Audeliss Insights Roundup: May 2023

Audeliss brings you the latest insights and trends surrounding executive search and diversity, equity, and inclusion in business across the world every month.


In DEI news,

In DEI news, more women are paying the ‘motherhood penalty’ as remote working is enforcing gender stereotypes. Although research by TUC discovered that remote work is beneficial for working mothers due to its flexible benefits, it is actually enforcing gender norms where women are still considered primary caregivers. When it comes to flexible working, women are having to choose between working from home and coming into the office, and unfortunately proximity bias is still prevalent in the workplace; with leaders assuming that employees who are in the office are more committed.

Overlooking women in the workplace can not only affect your diversity goals but it can also impact your ESG commitments. A research paper by Hannes Wagner from Bocconi University in Milan and colleagues from the universities of Utah, Alberta, Arizona and Toronto found that more women on boards increases an organization’s environmental performance. The research discovered that investors are worried about the lack of action that organizations and directors are taking towards environmental sustainability, and found that boards that have introduced women board members to the company experienced an 8% rise in environmental performance in the following three years compared to the previous three years.

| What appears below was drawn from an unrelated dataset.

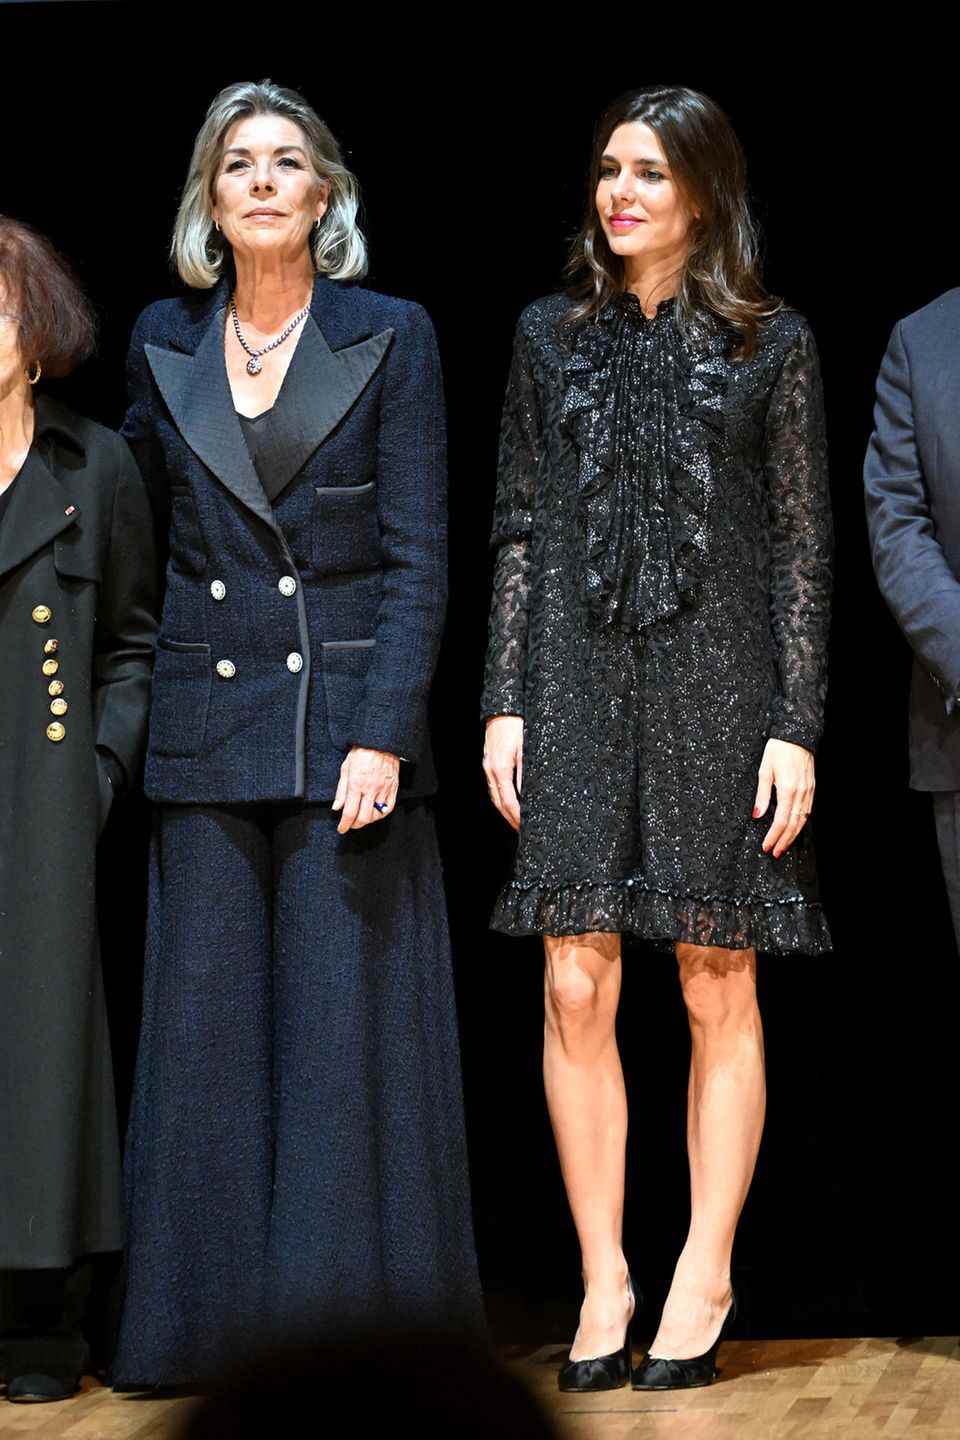 In terms of colour, Caroline von Hannover and Charlotte Casiraghi are an excellent match

Talking about ESG, recent analysis from Connected Impact’s Transparency Index report 2023 found which UK companies on the FTSE 100 are more transparent than others on their ESG commitments, as well as a transparency gap concerning diversity and gender disclosure. The report discovered that 64% of FTSE 100 organizations do not disclose the ethnic diversity in the workforce and 47% have not met the FCA requirement for 40% representation of women at board level.

This trend is prevalent not just in the UK, but also the rest of the world. According to The 2023 Kelly Global Re:work Report, most companies across 11 countries are not meeting workplace DEI and engagement issues, with a growing divide between employees and senior leaders. The research, which surveyed 4,200 people, found that many workers have said that their workplace is not inclusive, with 62% of respondents saying that they plan to leave their job due to non-inclusive workplace behavior and 37% stating that they work in a ‘psychologically unsafe environment’.

In Executive Search news, new research from the CIPD discovered that around 4 million employees in the UK have changed jobs due to a lack of flexible work. Employees with disability or long-term health conditions are more likely to have left their job or have made career changes due to lack of flexible working. With the incoming Government legislation that will allow workers will to request flexible working from day one of their employment as flexible working becomes the default, organizations will have to quickly change their policies to adapt.

With the rise of flexible working, job seekers in the U.S. are less likely to relocate for work according to research by Challenger, Gray & Christmas. In the first quarter of the year, workers relocating for jobs were down by 3% compared to the same quarter of 2022. The rising interest rates for purchasing homes may also be another factor that are putting off those looking for jobs.

Younger workers are expecting more of their workplace benefits. A survey of 2,000 UK Gen Z working adults found that 32% of respondents said menstrual or menopause leave was one of the key benefits that would attract them to a job. 23% also said that they would be attracted to a company that offered enhanced parental leave.

Gen Z are also setting trends in the working world. While we’ve now heard of quiet quitting, the latest trend that are unnerving employers is ‘loud quitting’, where workers are utilizing social media to loudly announce why they have quit, often citing disapproval of how companies are run. Employees are using this method as a way to hold companies accountable for workplace culture, DEI and a healthy working environment.